For Sanofi, shedding a controlling stake in its over-the-counter medicines business Opella contributed to the largest head count pruning—of more than 8,000 (9.7%)—within our 17-company cohort last year. The divestment immediately improved the French pharma’s per-employee revenue performance by 21.8% in 2025, making it the third-largest increase for the year, trailing Lilly’s 36.2% and Novo’s 24.7%.
Novartis and Sanofi represent the only two companies that have slimmed down every year between 2021 and 2025. Before the big Opella-related slim-down last year, Sanofi had been trimming its workforce in the 3,000-to-4,000 range each year during the period.
At Novartis, the Sandoz separation in 2022 overlapped with a huge organizational makeover. Removing the Sandoz effect, Novartis’ continuous business still lost 3,620 (4.5%) positions 2023 versus 2022, followed by further depletions of 0.2% in 2024 and 0.8% in 2025. Thanks to rising product sales and the cost cuts, Novartis achieved its 40% core operating income margin target in 2025, two years ahead of schedule.
Despite the sales growths and job cuts, non-U.S. pharmas in general generated fewer revenues per employee than their U.S. peers did.

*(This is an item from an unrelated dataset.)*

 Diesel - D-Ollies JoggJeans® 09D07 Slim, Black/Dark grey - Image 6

Among ex-U.S. firms, Novartis led the pack with about $753,000 in revenue per employee, followed by Swiss compatriot Roche’s $717,000. Novo’s $679,000 ranked fourth, behind Sanofi’s $704,000.

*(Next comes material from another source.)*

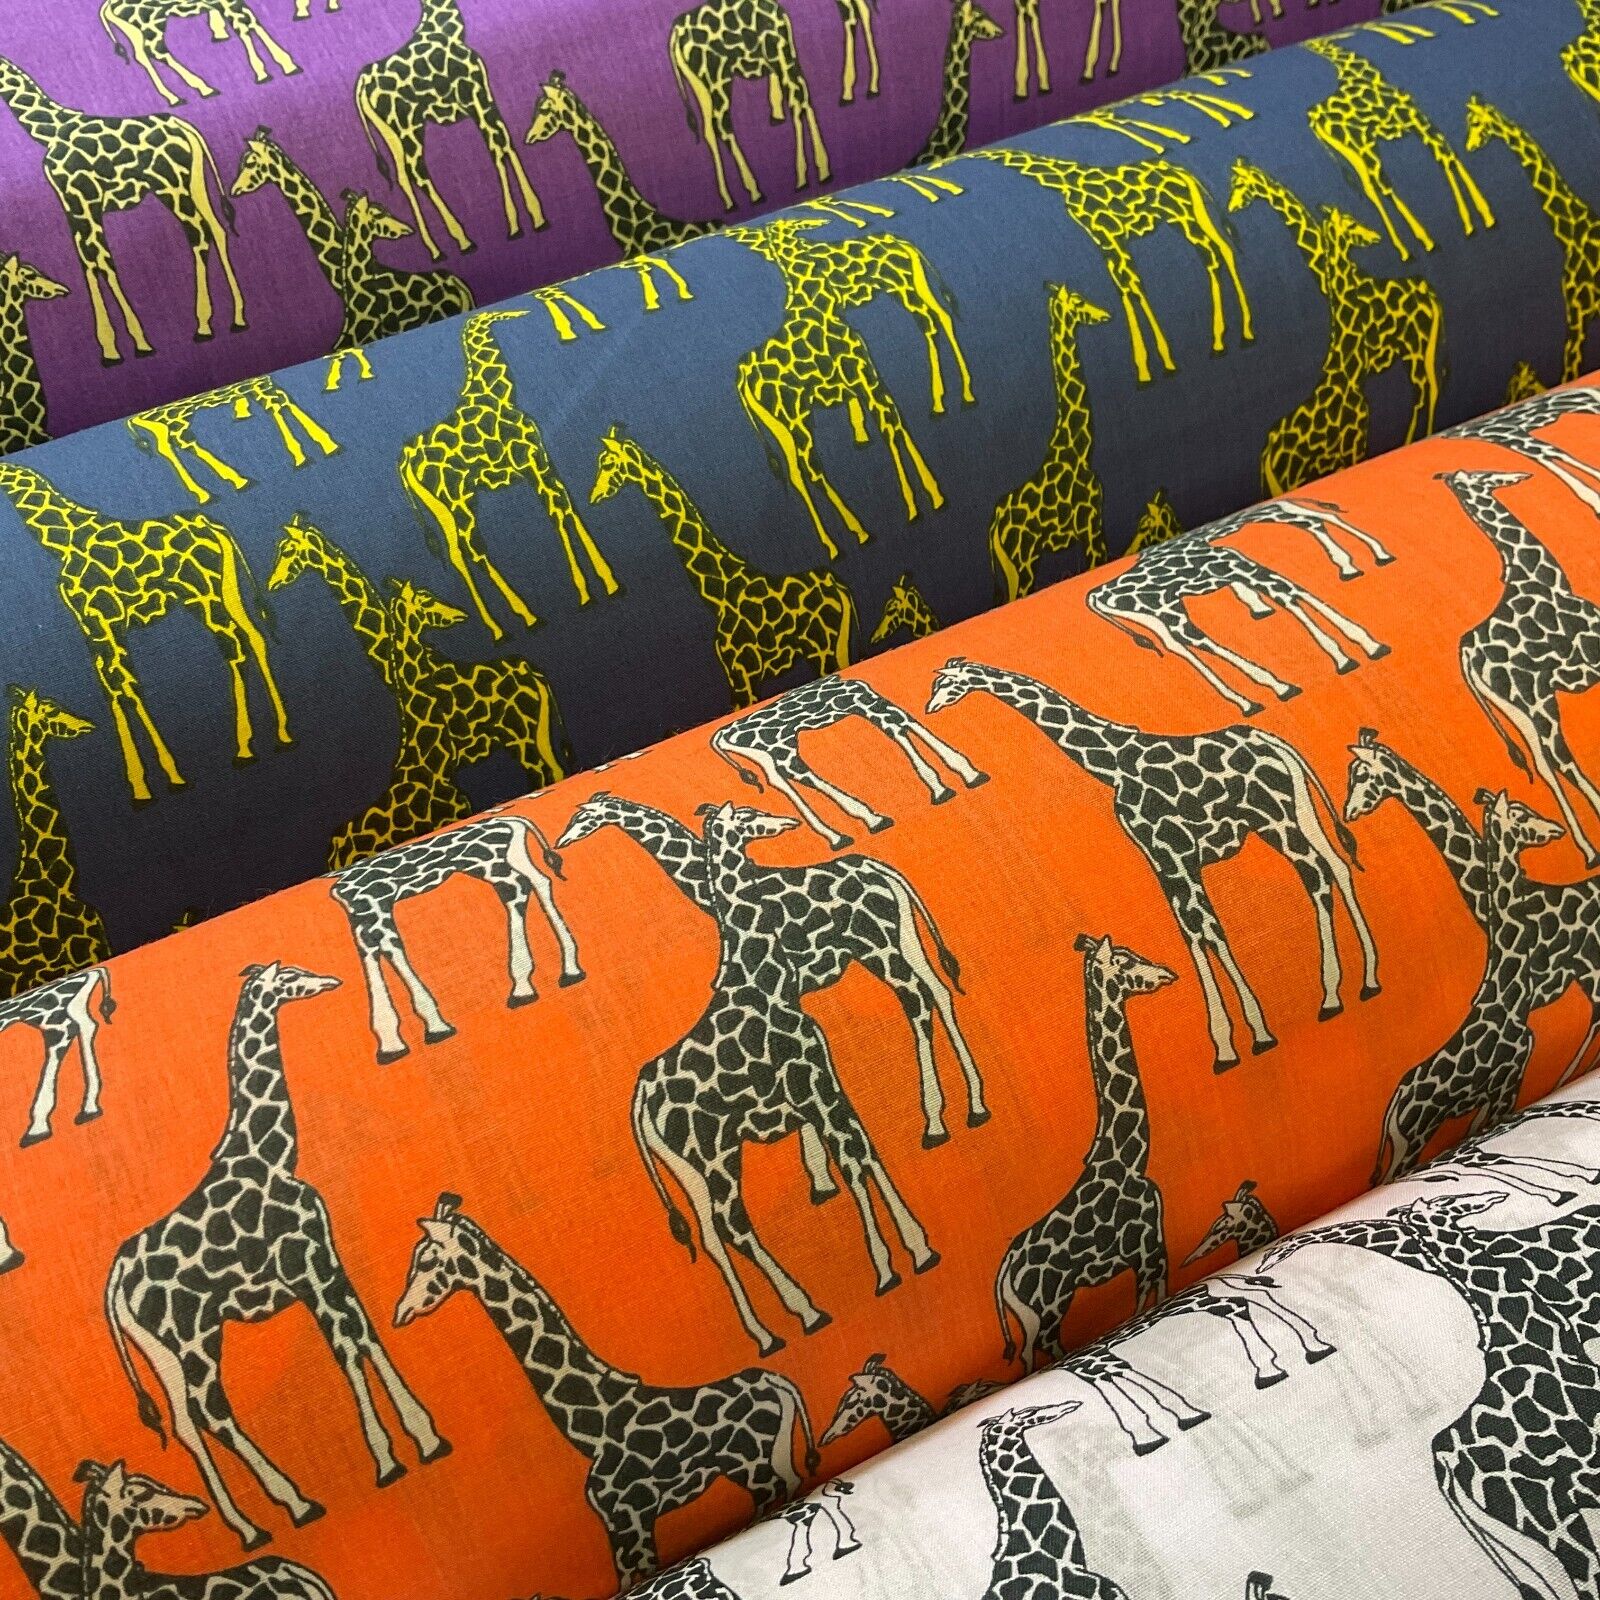 Giraffe Animals bomuld trykt bred M1706 - Midland Textiles

With $1.73 million in 2025 revenue per employee, Gilead Sciences remained the most productive large biopharma company in the period we tracked. The rate was lower than the $1.95 million the California company booked for 2021, when it enjoyed a COVID-19 tailwind.

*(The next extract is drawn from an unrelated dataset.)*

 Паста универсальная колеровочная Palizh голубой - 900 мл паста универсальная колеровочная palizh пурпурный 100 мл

Altogether, five companies, all U.S.-based, crossed the $1 million revenue-per-employee mark last year. BMS ranked second place with $1.48 million, followed by Lilly, which chalked up $1.30 million, and Amgen at $1.17 million, as AbbVie rounded things out with $1.07 million.
Editor's note: *Our analysis uses employee numbers reported in each company's annual reports. When both total head count and full-time equivalents (FTEs) were reported, FTE is used. Roche changed its reporting method from FTE to head counts in 2025, but we adopt the same 2024 number as the company states that "the underlying workforce remained broadly unchanged." Boehringer Ingelheim has not reported its full-year result, so we also adopted the same 2024 number based on the company's half-year 2025 report. Takeda's numbers are delayed by one fiscal year; e.g., its 2025 employee number is from fiscal 2024, which ended in March 2025.